BALLOCKS – Errr….that would just be private golf courses then (see HLG above)?

PFUC’T – Public Footpath U Can’t Trace. Anglo-Saxon in origin. When prefixed by first person singular pronouns “I” and “am,” usually implies a moment in time, and in the middle of nowhere, when turning back is no longer an option and nearly all hope is lost. Missing the target train is now highly likely if that still remains a high priority at that moment in time

Coastal Erosion – It’s what it says on the tin, or plastic bag, or polystyrene wrapper or whatever else has washed up on the thin wafer of beach between sea and land that you have found, and because it’s probably washed away the path on your map too, now regret having found.

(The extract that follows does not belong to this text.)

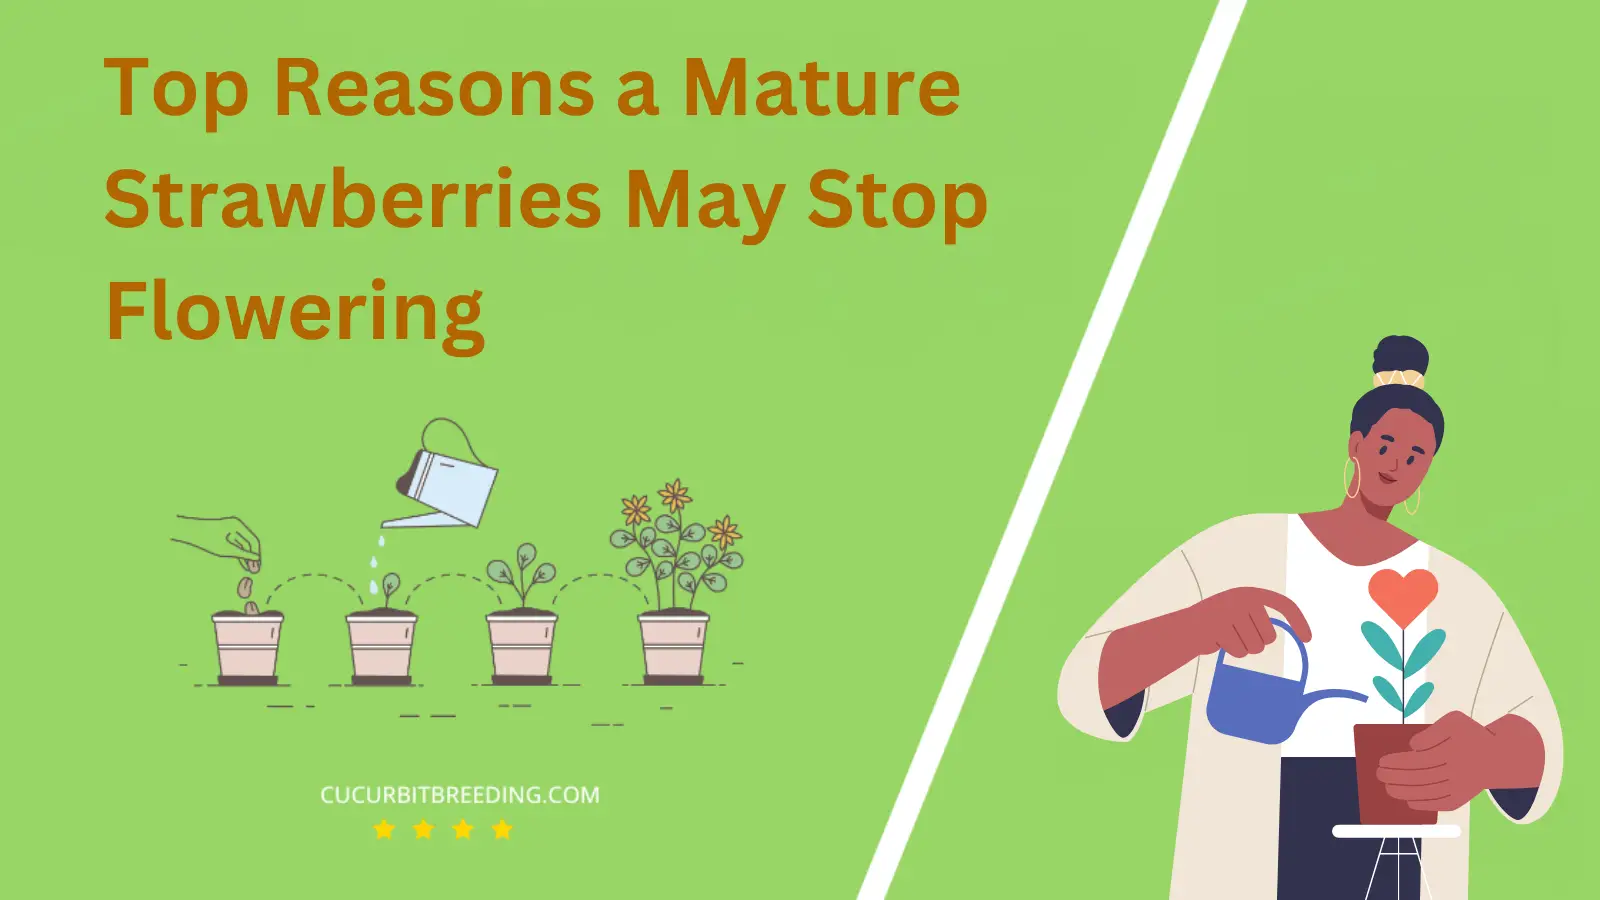 Top Reasons a Mature Strawberries May Stop Flowering
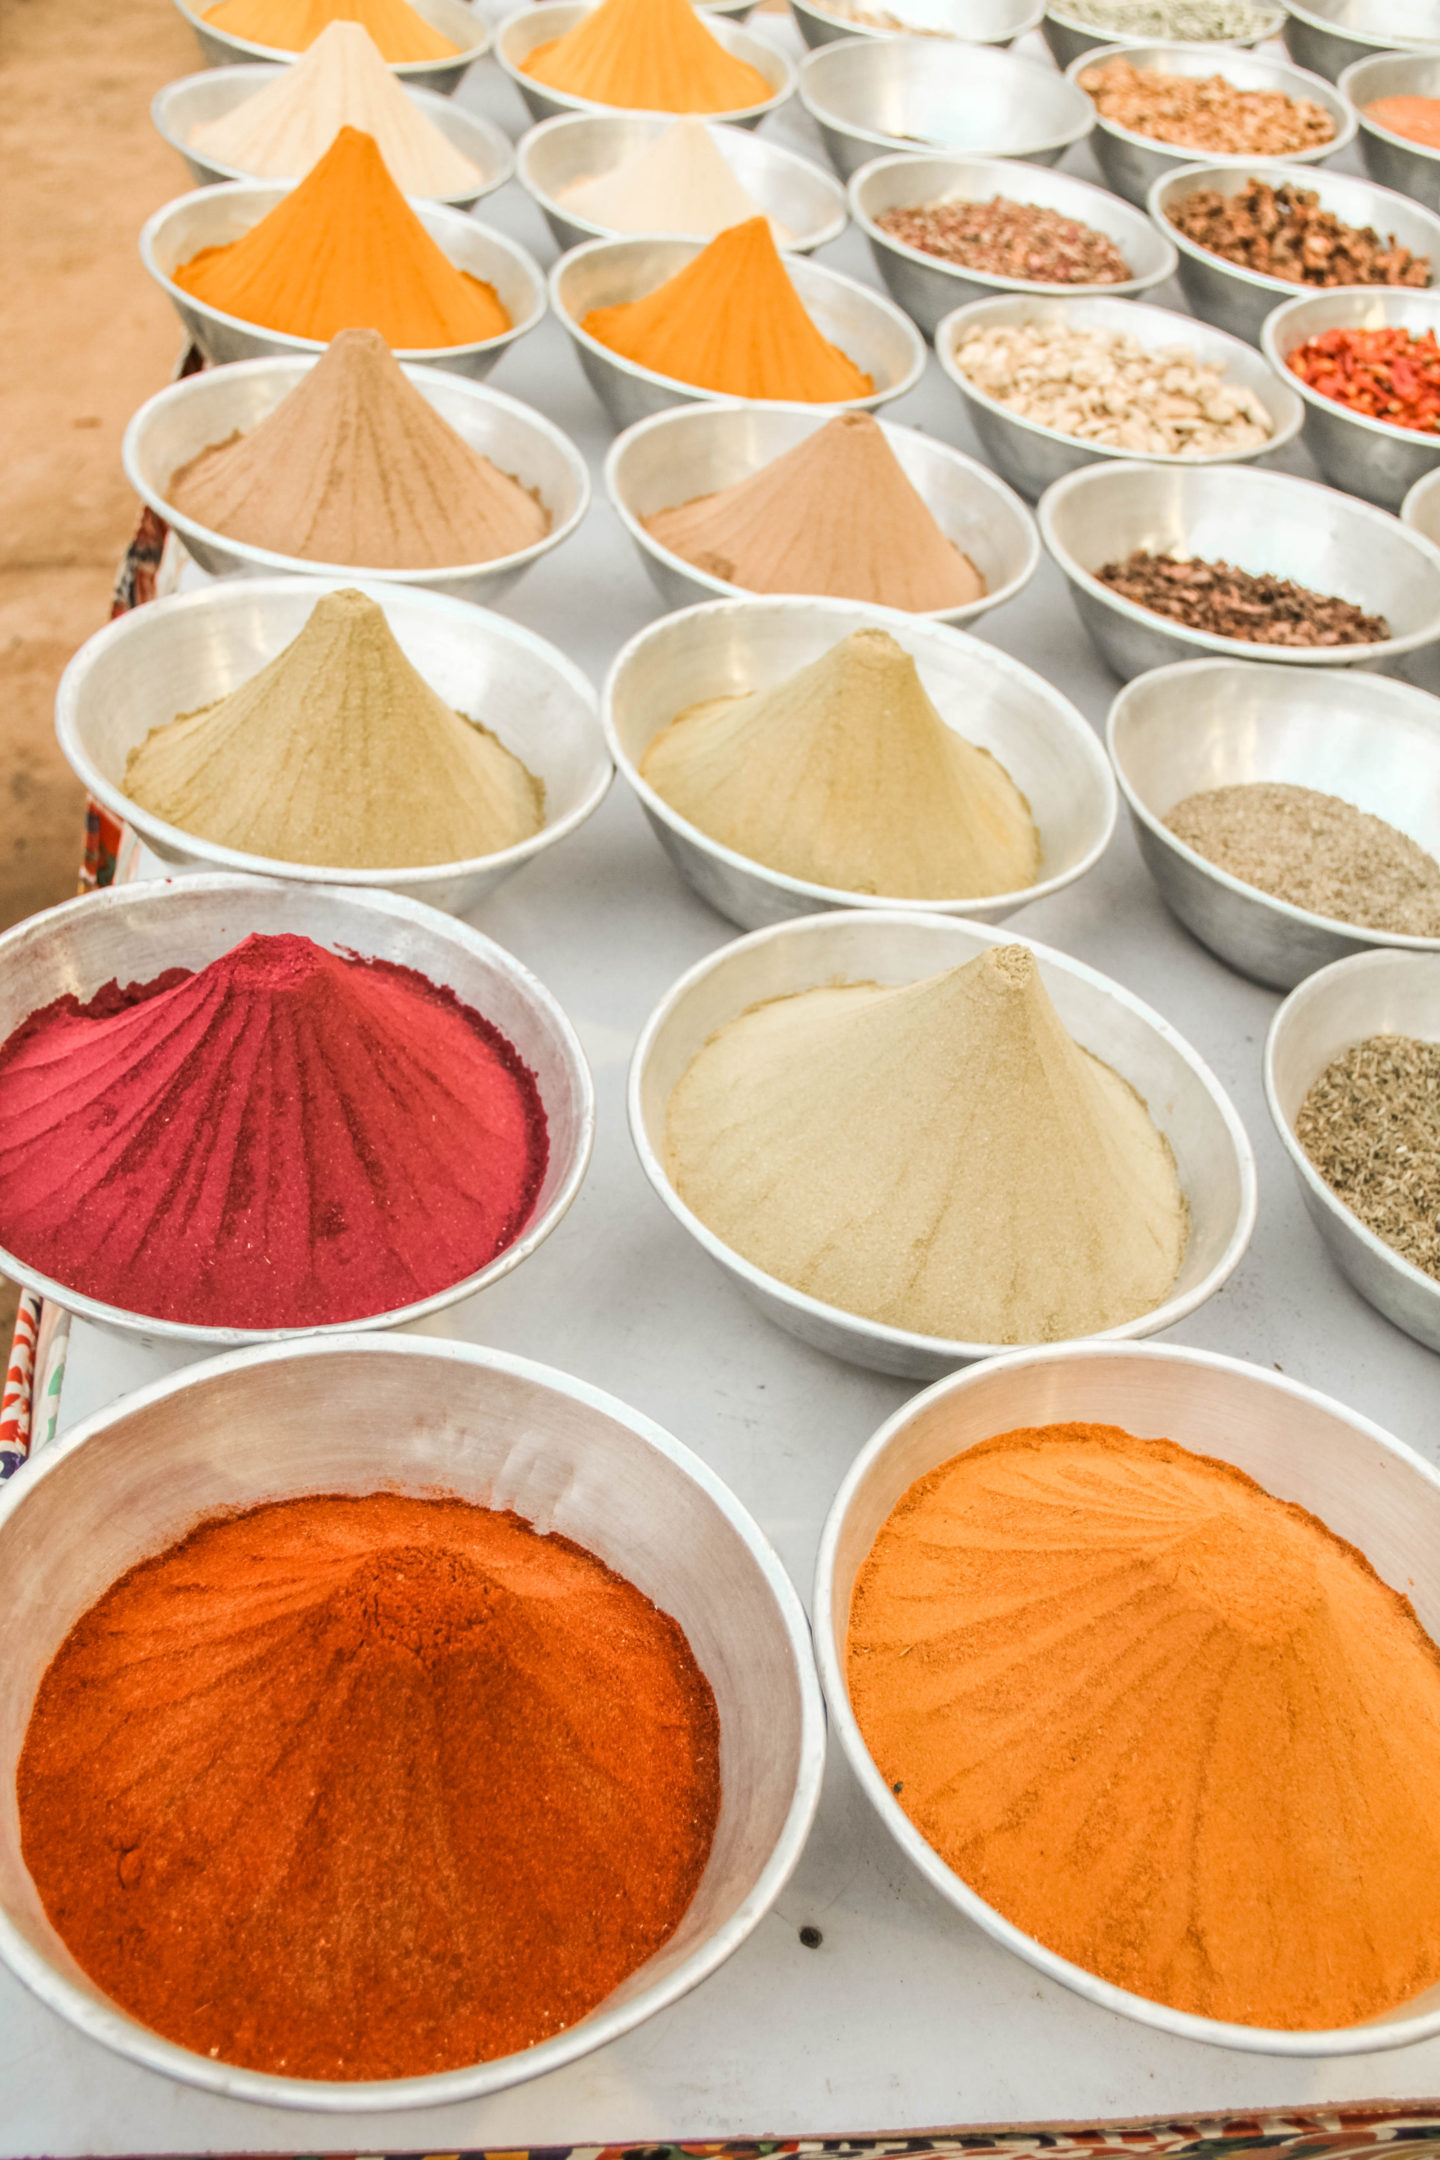 Egypt Nubian spice market

SSH’Ts – Static Holiday Home’s and Trailers – Only really SSH’T’s when their presence prevents coastal path access. So far that hasn’t been a major issue but one or two have required inland diversions.

FFS – Self explanatory (and mindful of some of the rules of this blog site which I have read in full). All other circumstances when the will to live is almost lost and the use of colourful language is the only realistic and meaningful connection with what’s left of your remaining reality. Usually occurs when unexpectedly exceeding 60 miles in a day, or hanging by your jacket, which is attached to barbed wire, over a 200 foot drop and just at the moment when the pannier, with a mind of its own, comes away from the bike and starts rolling slowly towards the edge.